# Backgrond Checks and Employment History



## Guest (May 21, 2005)

I am in the process with a few different departments throughout NE and some are starting to conduct my background investigation. I'm wondering whether my employment history will come up to haunt me as I have had numerous jobs since I was 14. Most depts are requiring all jobs that I have EVER had. I've never been fired from an employer it's just that some jobs didn't work out due to lack of hours and some companies were on the verge of closing (ie. going out of business). More recently, I attended college for 4 years so I would work 2 jobs while in school, and then would get a new job when I was home for the summer. I just don't want this to prevent me obtaining my goal.
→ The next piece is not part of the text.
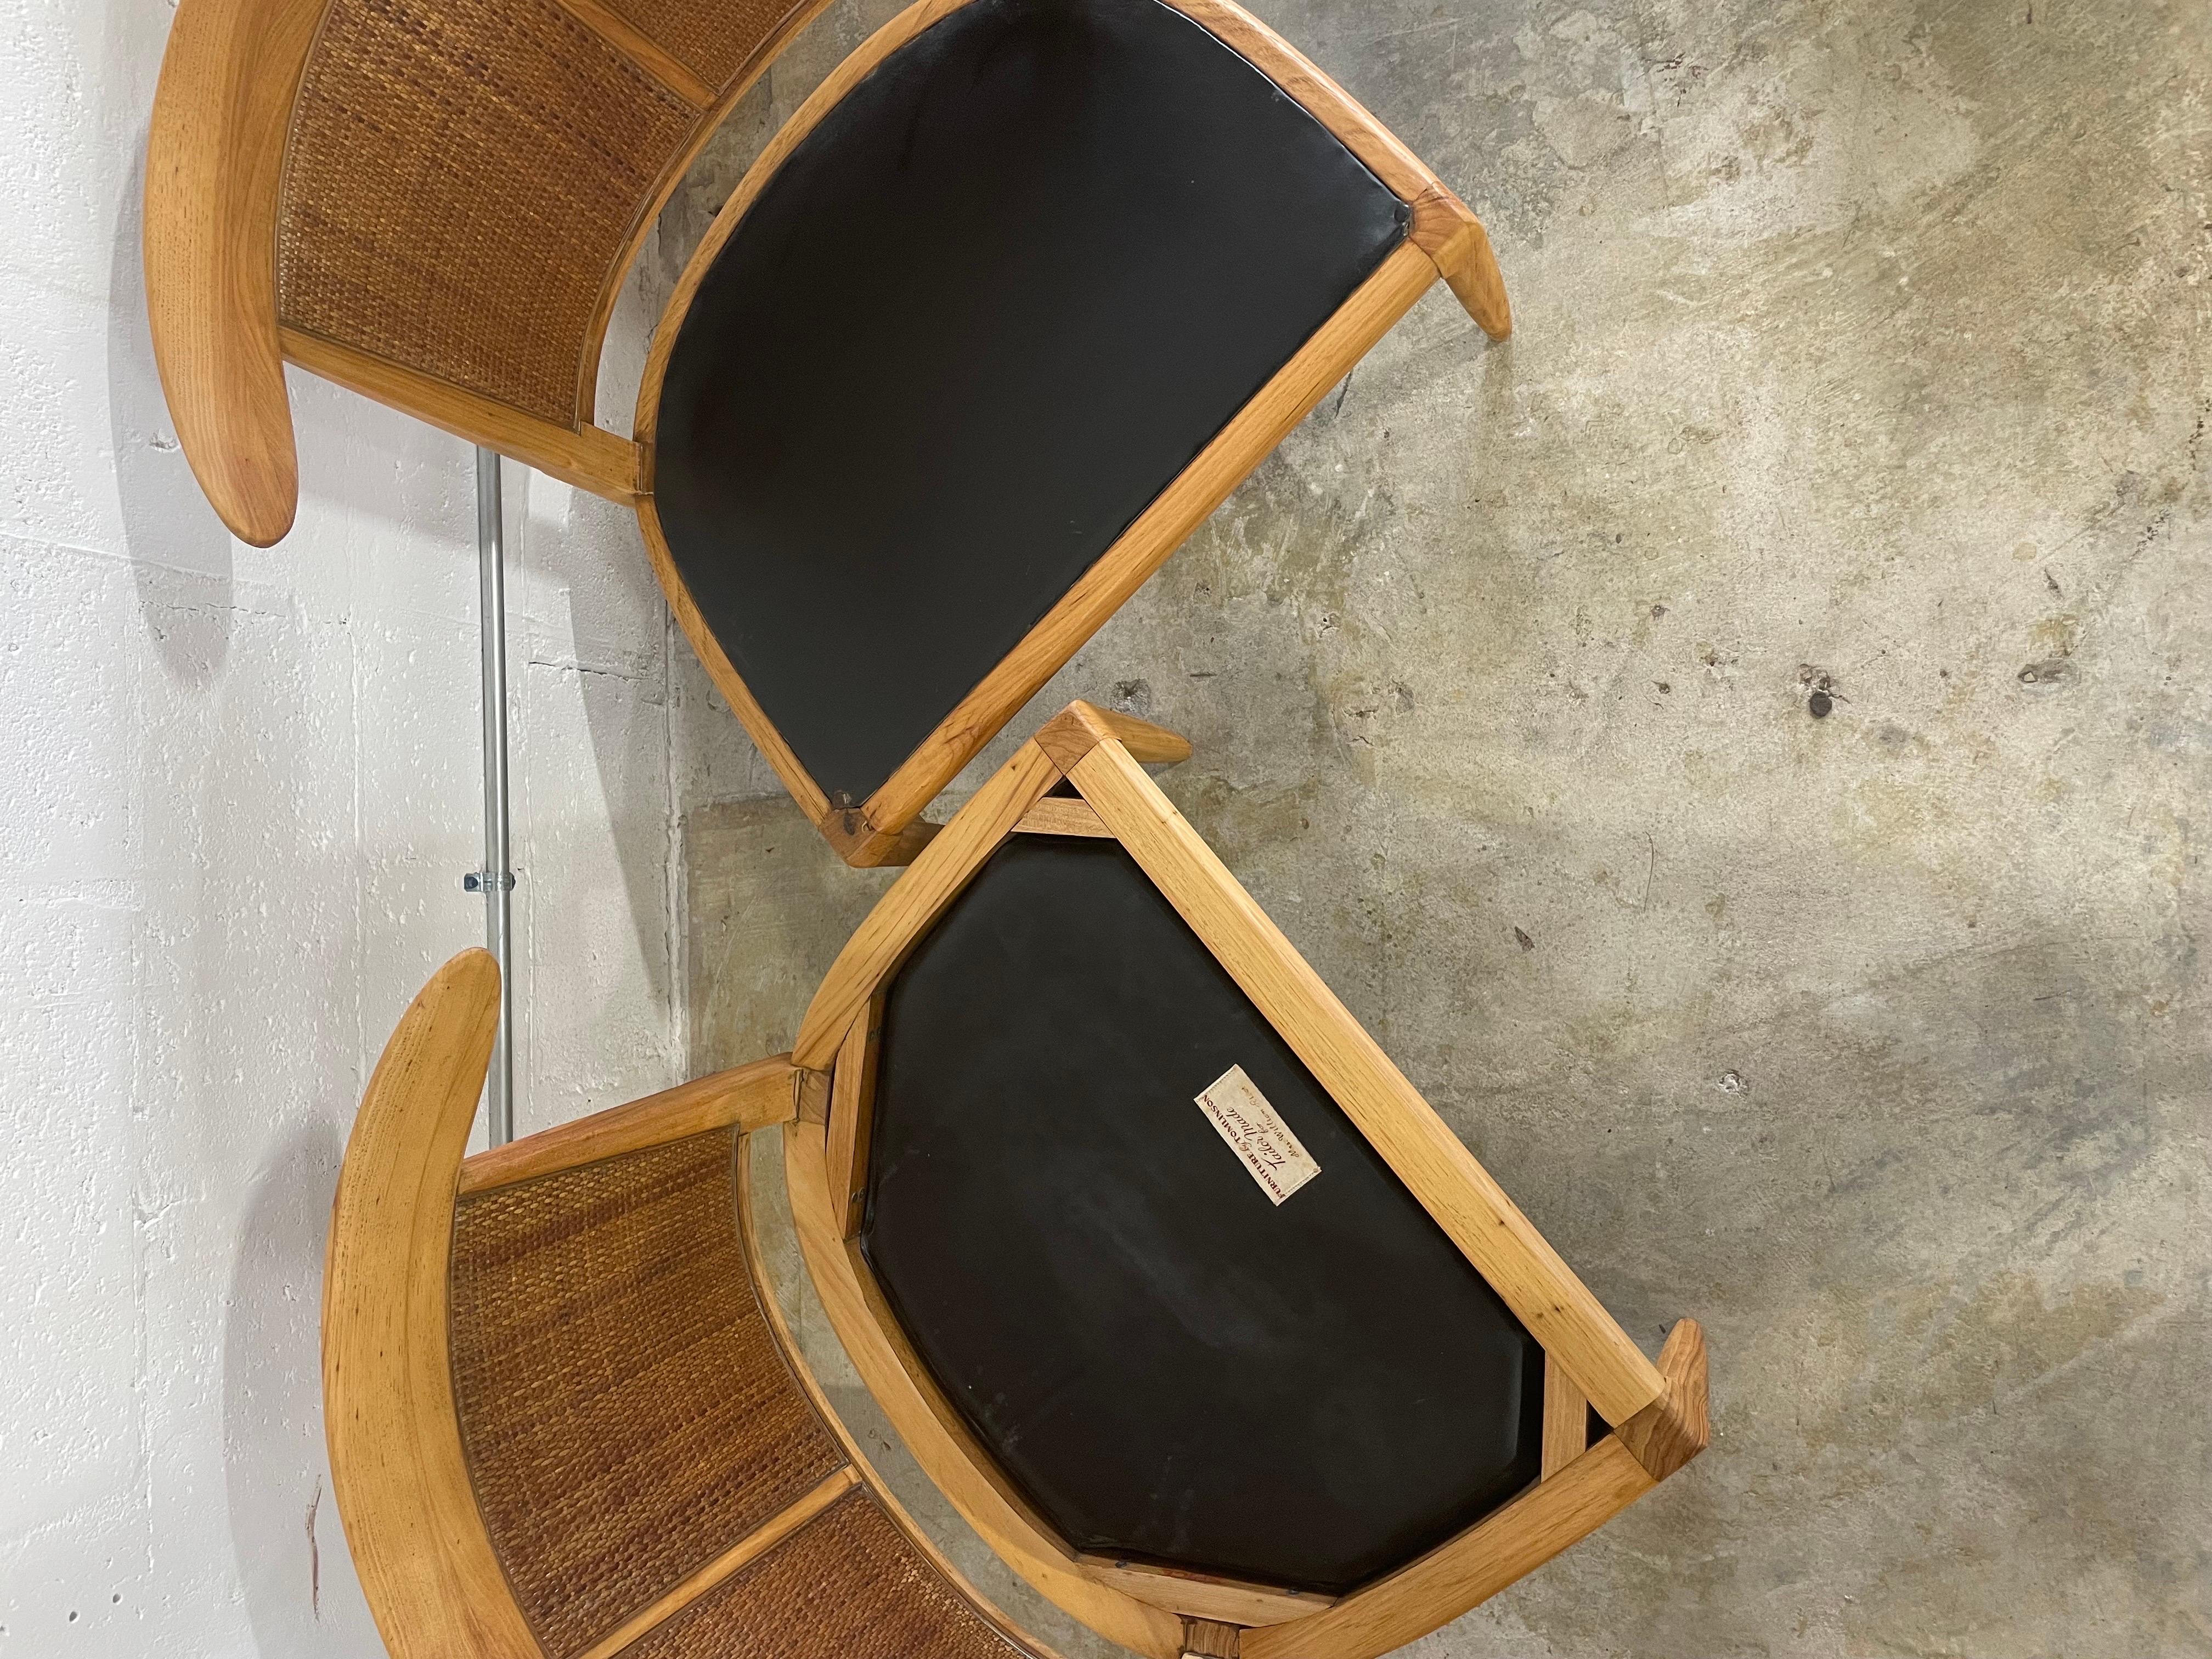 Pair of slipper chairs designed by John Lubberts & Lambert Mulder and produced by Tomlinson 1950s. Rattan backs. Labeled. Cushions recently upholstered.

Just looking to get some feedback as to how deep depts. will dig into my employment record or does it hurt me since I've had numerous jobs. Real quick about myself I have my bachelor's in CJ...former private investigator and have done local internships...24yrs old.


----------



## Southside (Sep 4, 2003)

Be honest and ready to explain anything about your employment history. I had the same situation, but after explaining it all during my interview....it worked out.


----------



## kttref (Oct 5, 2004)

You should be fine. 

If it makes you feel any better, most of my previous managers/bosses are MIA. No one at the location knows where they are or where to find them...so I have to put "Unknown" on my applications. And a few of the companies have moved and I do not know where they moved to...

So, as long as you're honest you should be ok.


----------